Антонио пожал плечами.
– Ну хорошо, в конце концов именно за этим я и лечу в Штаты. Если эта женщина будет достойна меня, я женюсь.
– Если она сочтет достойным тебя. Не думай, что любая крепость немедленно падет перед тобой.
– Что ж, в таком случае я признаю свое поражение и с позором вернусь под материнское крылышко! – засмеялся он.
Антонио острил и веселился, поскольку его ничуть не пугала такая перспектива. Редкие представительницы прекрасного пола могли устоять перед его обаянием.
– Я волнуюсь за тебя, – призналась донья Долорес, внимательно глядя на сына и пытаясь понять, о чем тот думает на самом деле. – Я так хочу, чтобы ты был счастлив со своими близкими, а не растрачивал жизнь на пустяки. Если бы ты тогда женился на Исабель, вполне возможно, что сейчас у вас уже были бы детишки…
– Не будем об этом. Дело прошлое. – Тон его был мягкий, однако в нем угадывались нотки напряжения.
– Разумеется, – покорно согласилась донья Долорес. Она прекрасно знала, что есть случаи, когда настойчивость неуместна.
– Что ж, мне пора ехать. Пожалуйста, не беспокойся обо мне, Все, чего я хочу, это познакомиться с Паломой Гиллби и составить о ней собственное мнение. И если вдруг что-то не заладится, я сделаю ей ручкой и не скажу ни слова о моих намерениях.
В самолете Антонио никак не мог отделаться от навязчивой мысли, что становится не похож сам на себя. Он всегда тщательно, до мелочей, продумывал любые действия, а сейчас вот летит за океан, повинуясь неожиданной прихоти… Или это только кажется прихотью? Антонио задумался. Зная, что успех приходит только к тем, кто способен упорядочить свою жизнь, он придерживался нескольких простых правил. Во-первых, все должно быть расставлено по своим местам. А во-вторых — и это самое главное, – всему свое время. И никак иначе.

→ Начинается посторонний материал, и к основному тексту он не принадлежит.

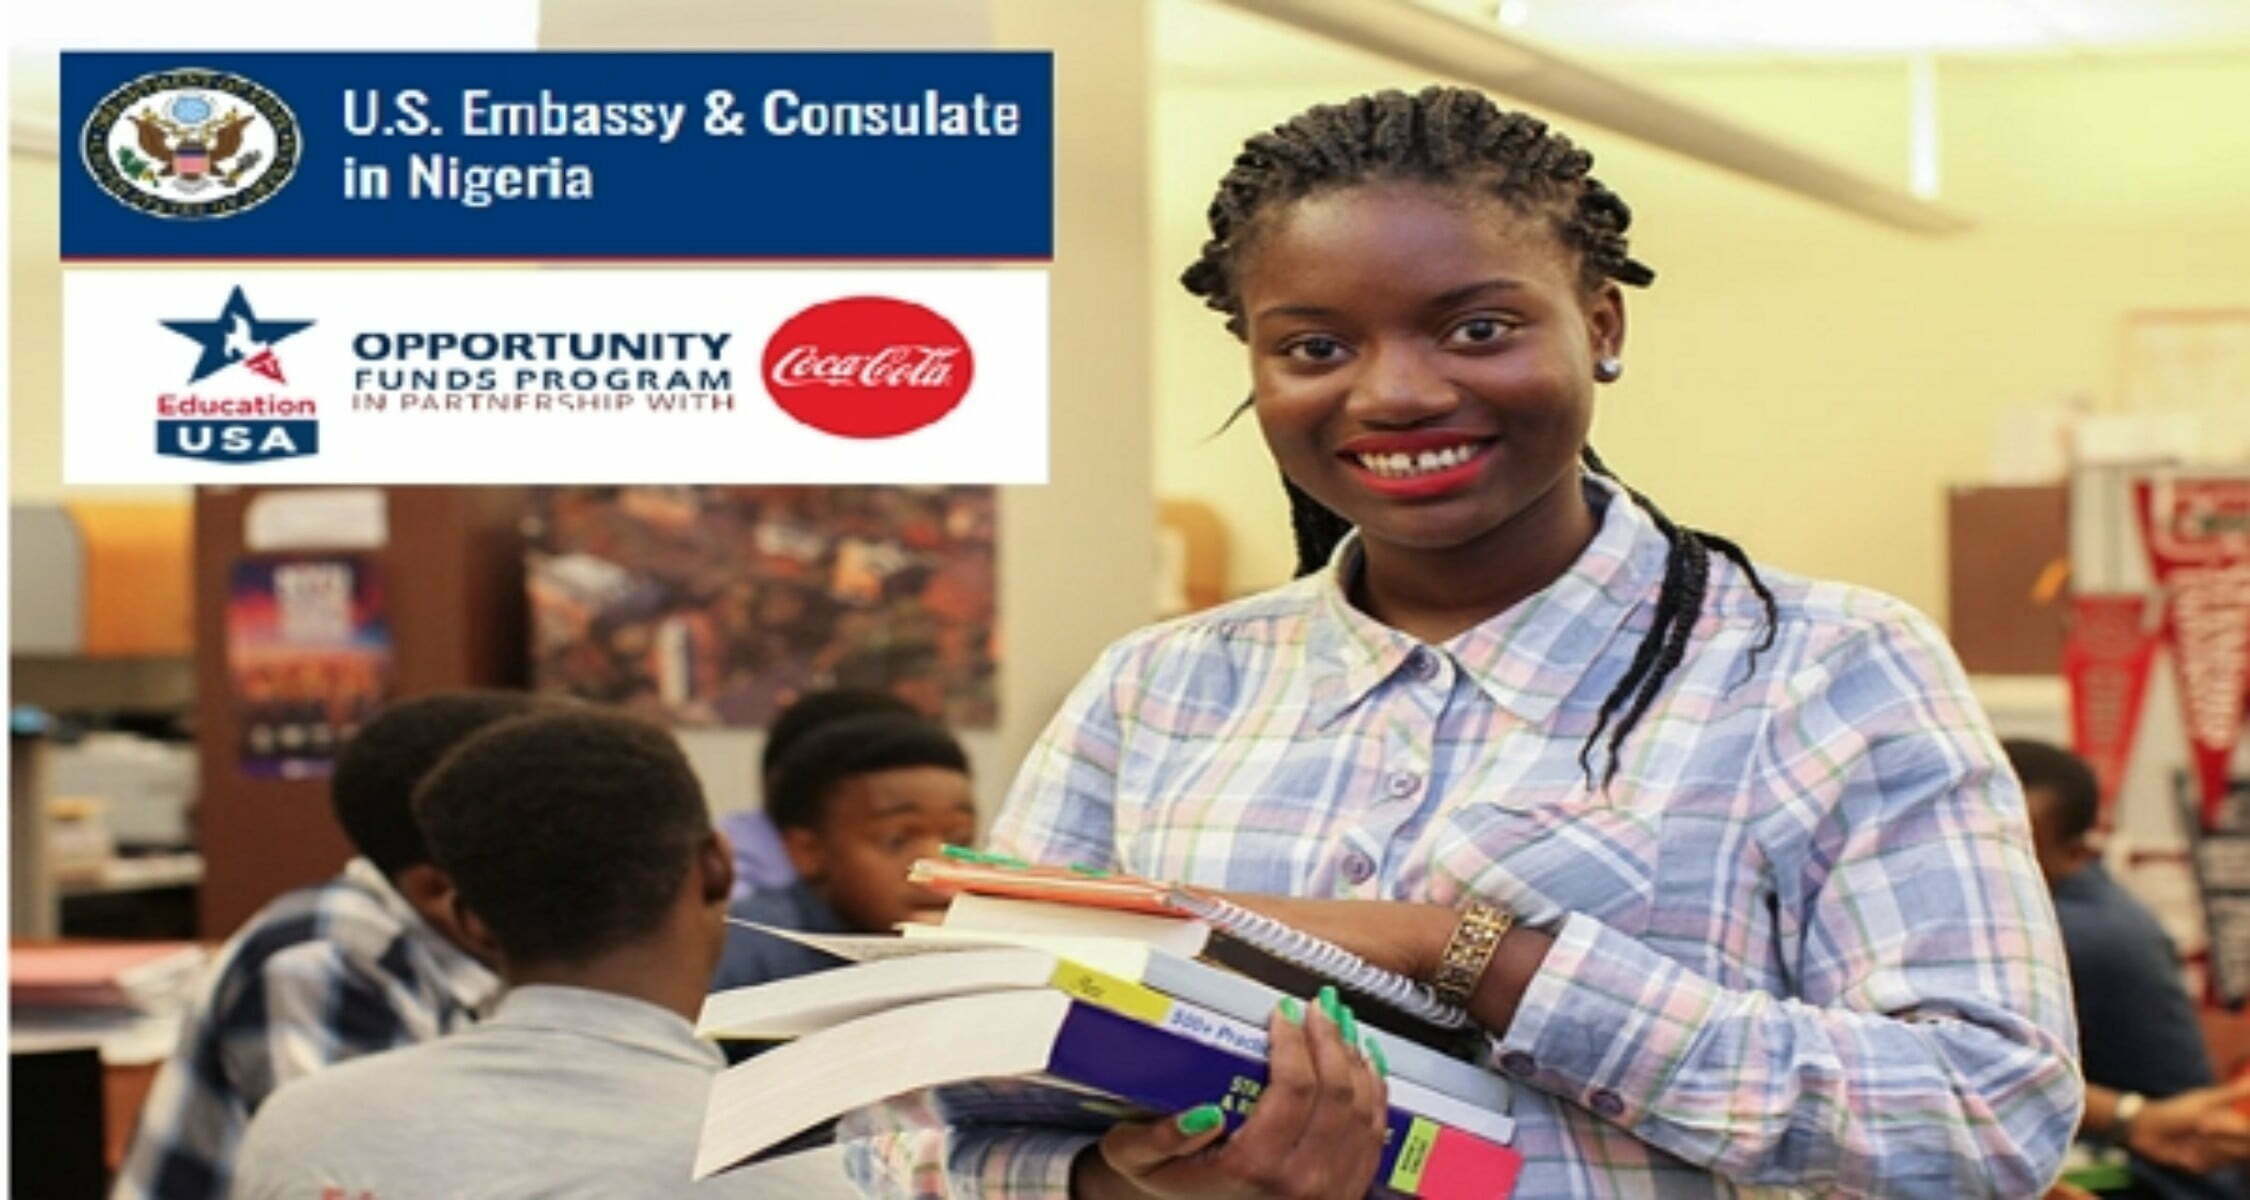 US Embassy EducationUSA Opportunity Funds Program 2022/2023 for Study in USA

В планы Антонио входило обзавестись семьей к тридцати годам. И так бы оно и было, если бы Исабель вдруг не передумала…
Стоп! Не смей думать об этом. Было и прошло, твердо сказал себе Антонио. Так он отметал любые чувства и мысли, касающиеся той, несостоявшейся женитьбы. Да, он был последним дураком, потерявшим голову от чувств. Но умный человек тем и отличается от глупого, что способен извлечь из своих ошибок максимальную пользу. И будьте уверены, больше он ничего подобного не допустит. Никогда. То, что его мать настаивала на выборе достойной супруги, было Антонио только на руку. Все, чего он хотел, – это уберечь свое сердце от новых ударов, и брак по расчету идеально вписывался в эту схему…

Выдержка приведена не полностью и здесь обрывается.